----- Available data -----
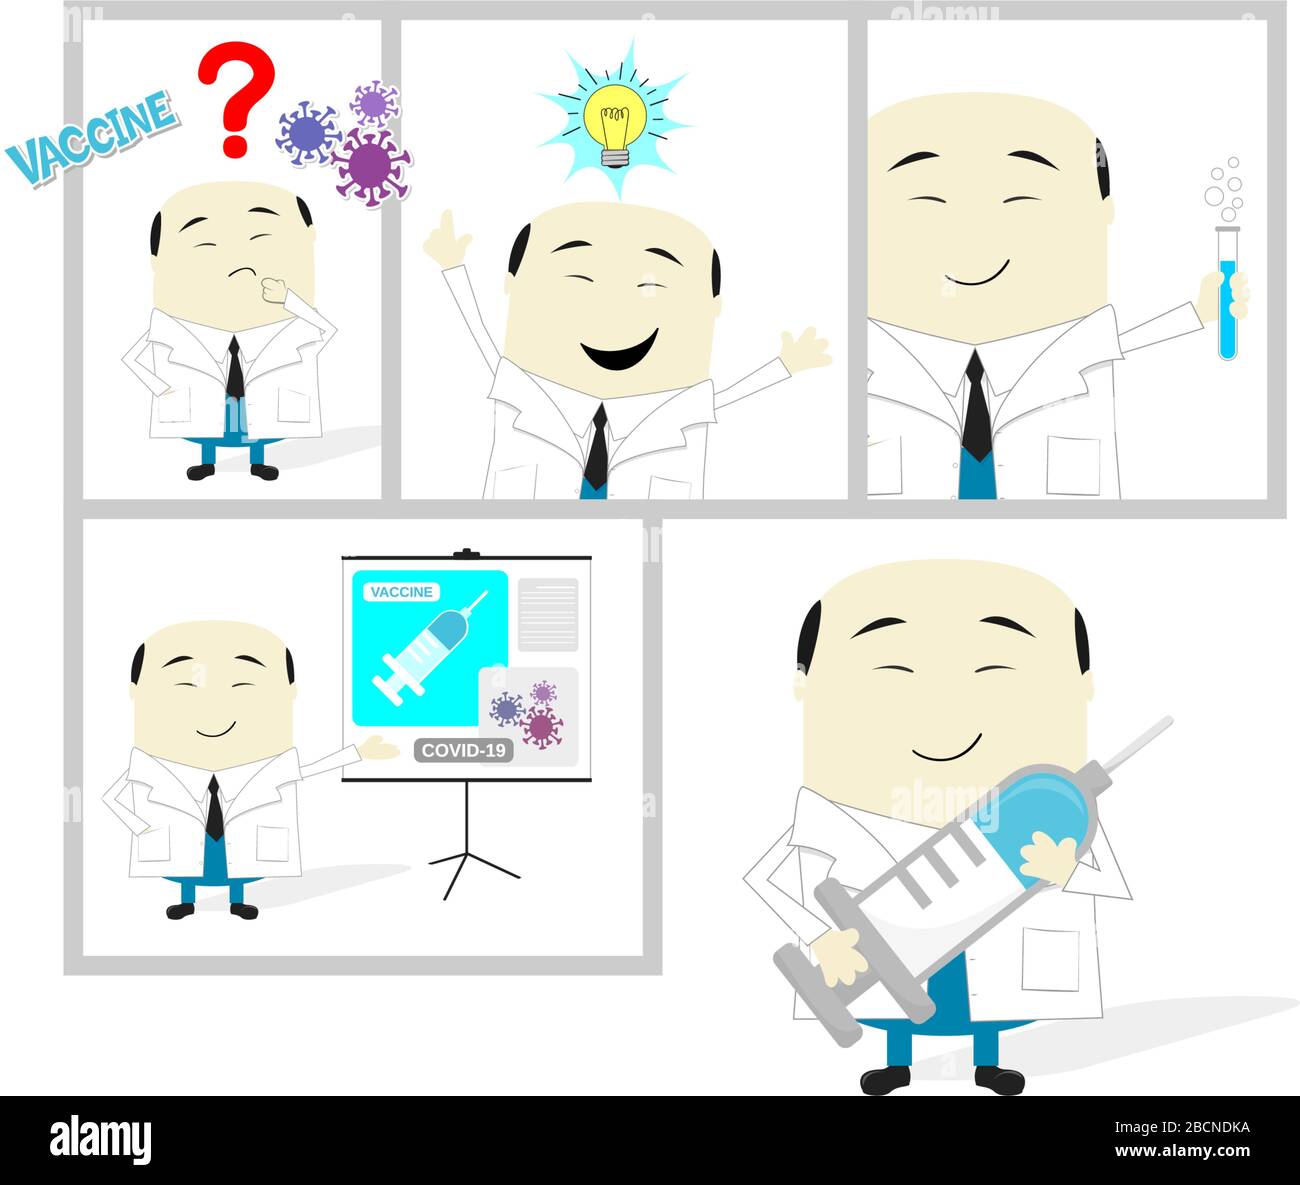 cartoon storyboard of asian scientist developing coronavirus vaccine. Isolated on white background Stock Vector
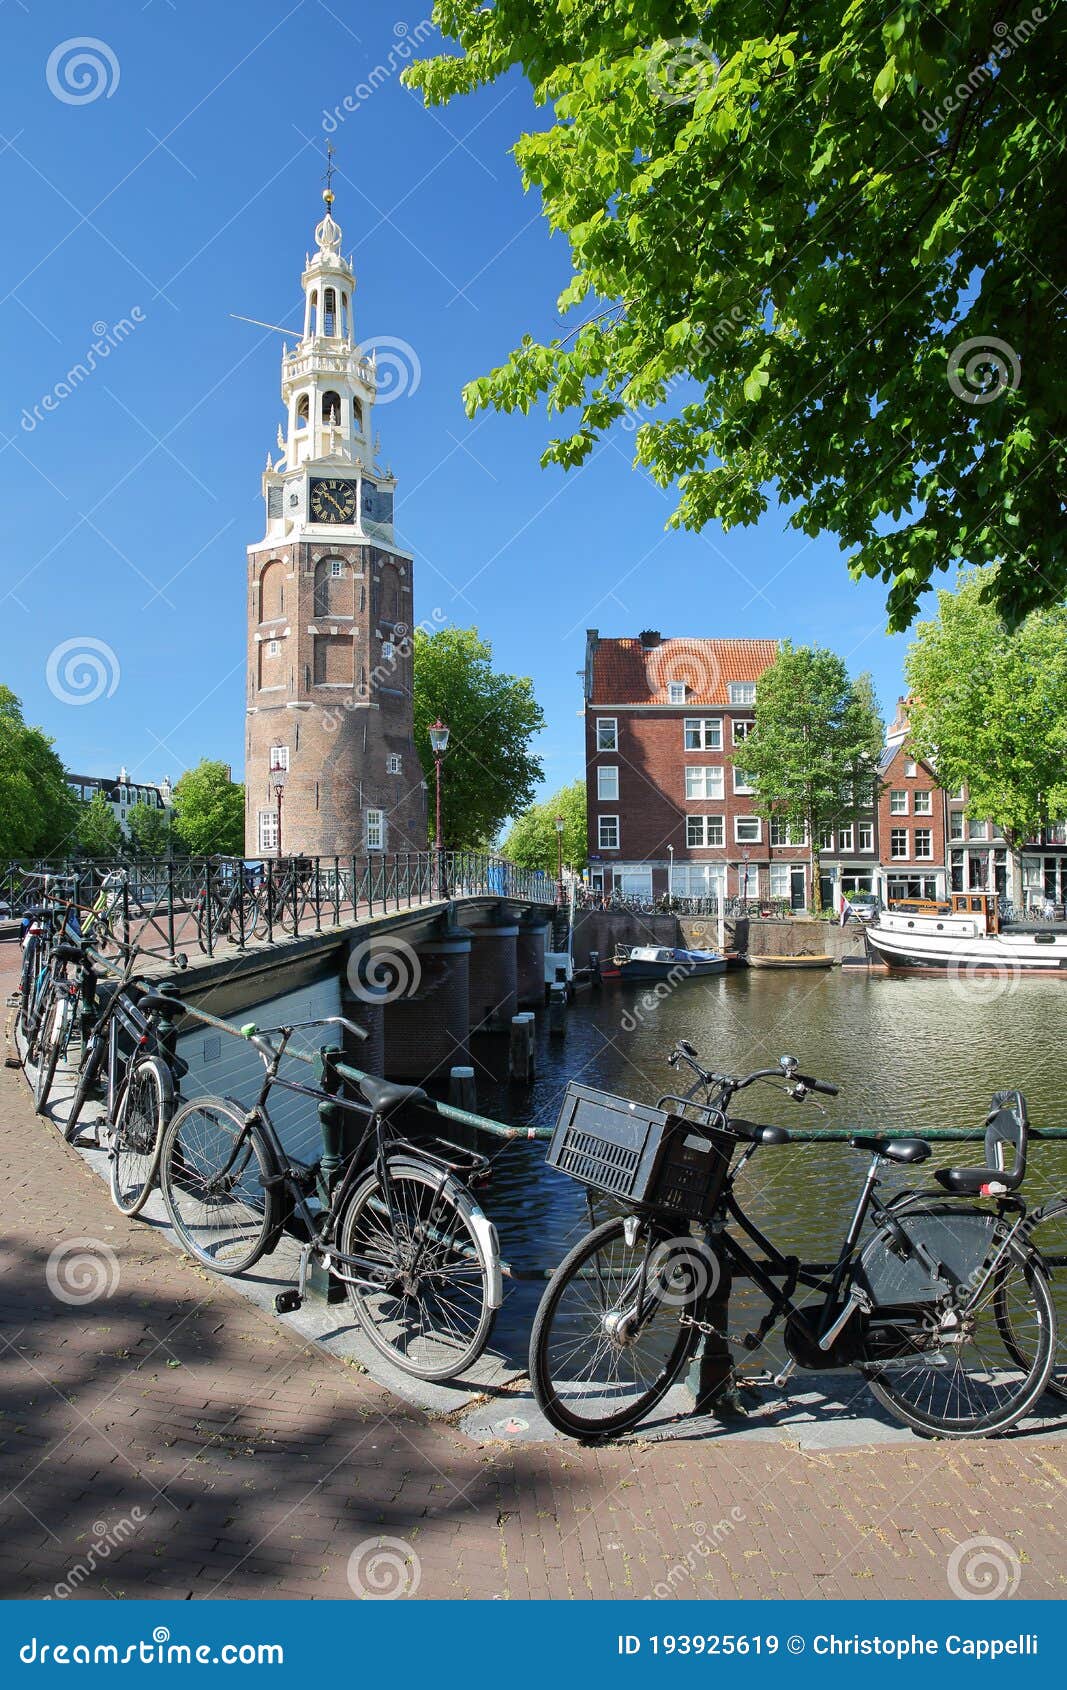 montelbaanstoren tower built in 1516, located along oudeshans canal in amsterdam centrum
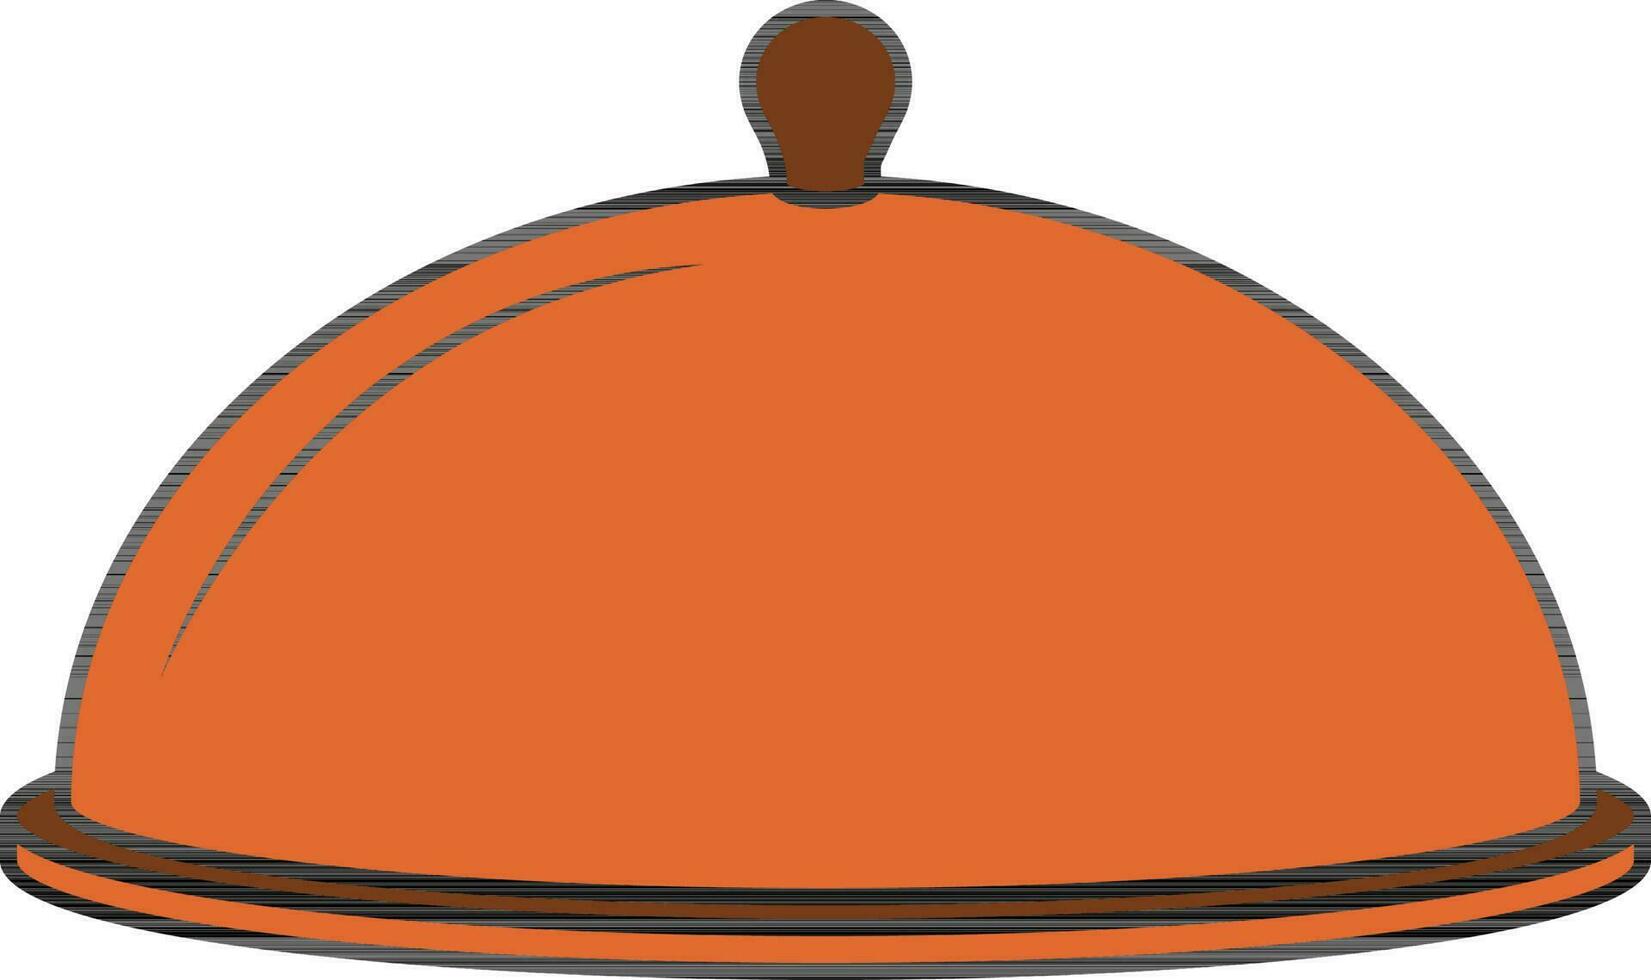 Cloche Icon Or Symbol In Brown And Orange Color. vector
-----
**Task requirements**
From the line that contains "montelbaanstoren tower built" to the end of the material above, output every line exactly, both ends included, but leave out any pictures.

**Written answer**
 montelbaanstoren tower built in 1516, located along oudeshans canal in amsterdam centrum
 Cloche Icon Or Symbol In Brown And Orange Color. vector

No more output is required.